What to do: The full listing, written out exactly and without images, is the expected result.

Data:

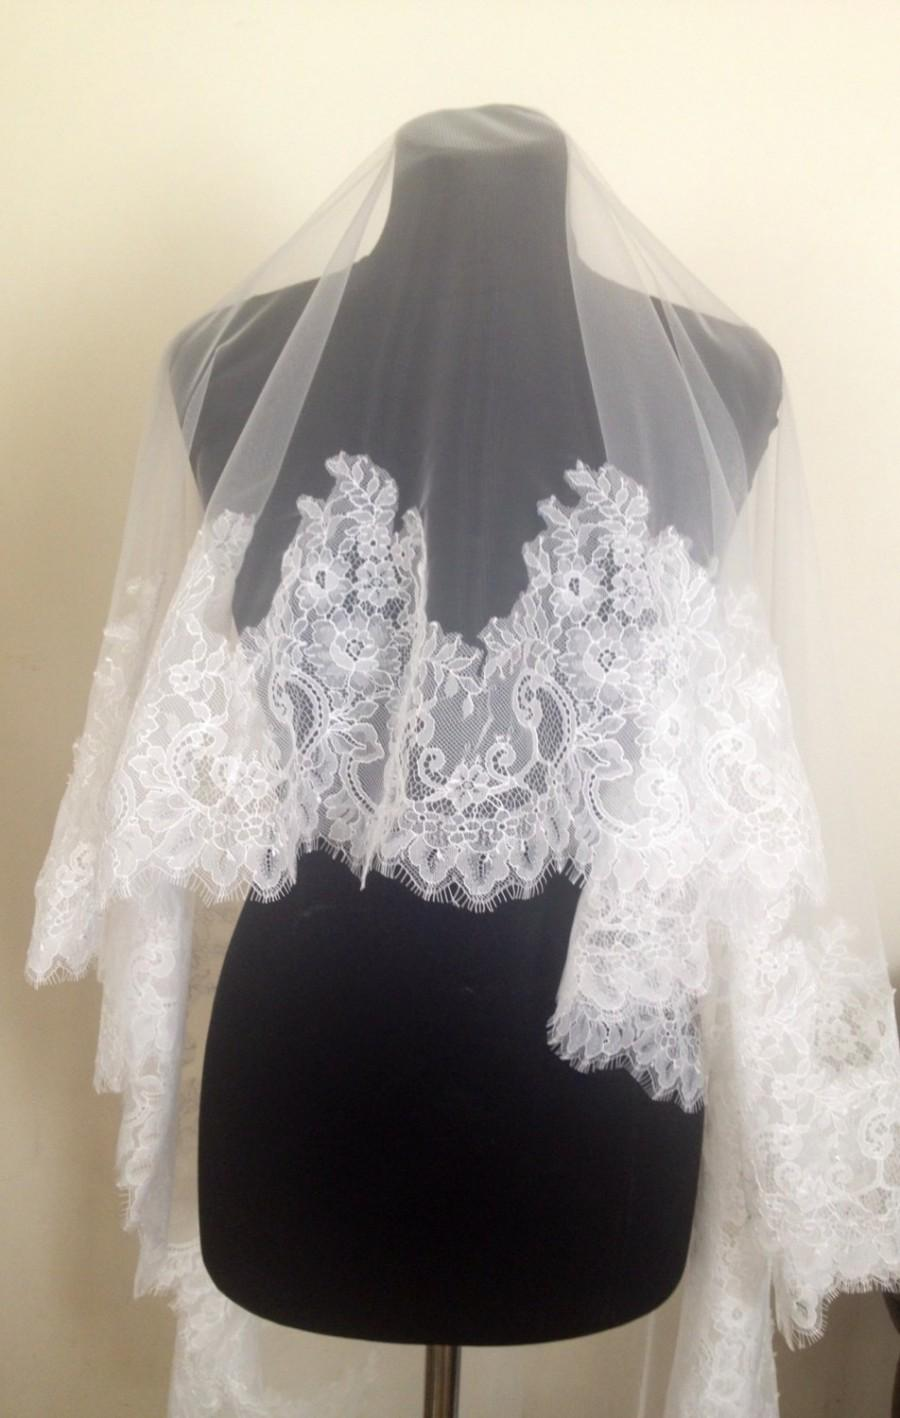 Hochzeit - NEW 2016 Royal Chantilly  lace veil. Bridal white veil, ivory veil. Cathedral headpiece.
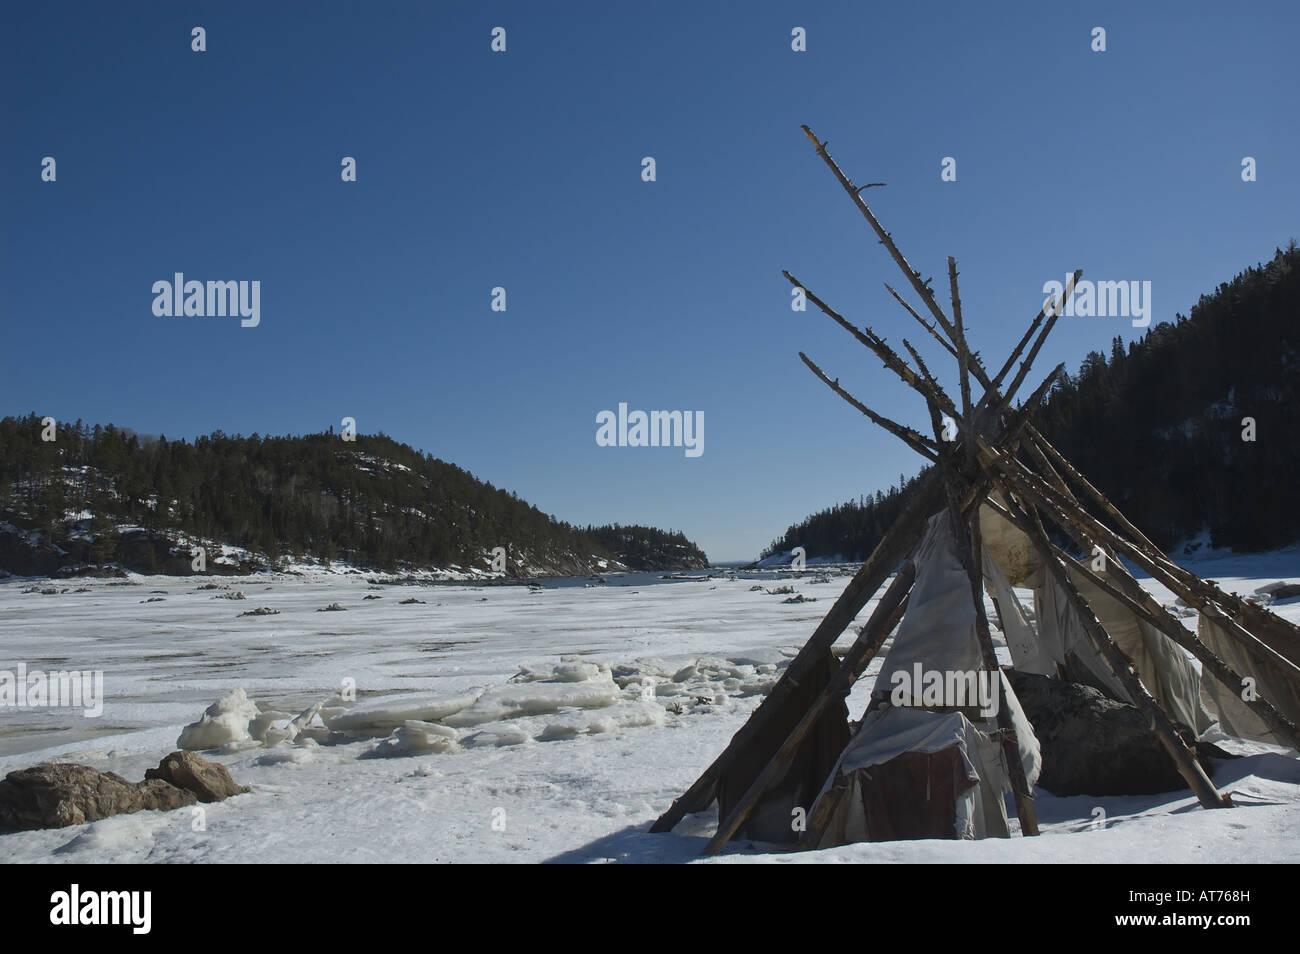 Native Amerindian tepee - Stock Image
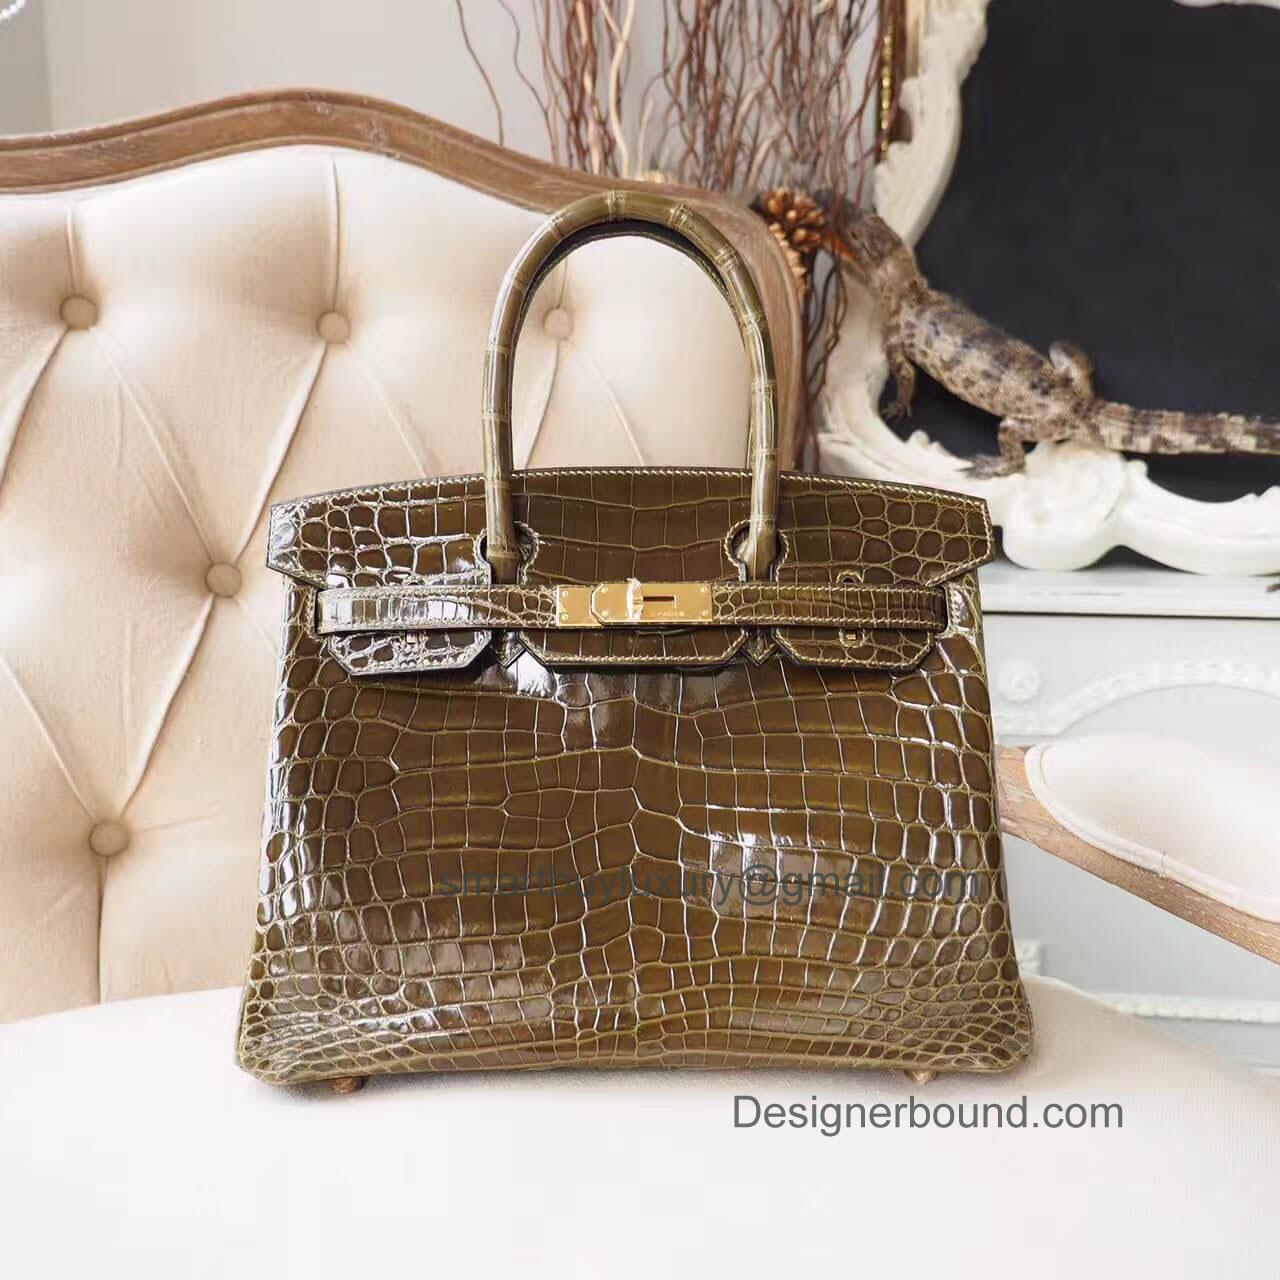 07b46f6165 Hermes Birkin 30 Bag in 6h Veronses Shiny Nile Croc GHW

Response box:
 Hochzeit - NEW 2016 Royal Chantilly  lace veil. Bridal white veil, ivory veil. Cathedral headpiece.
 Native Amerindian tepee - Stock Image
 07b46f6165 Hermes Birkin 30 Bag in 6h Veronses Shiny Nile Croc GHW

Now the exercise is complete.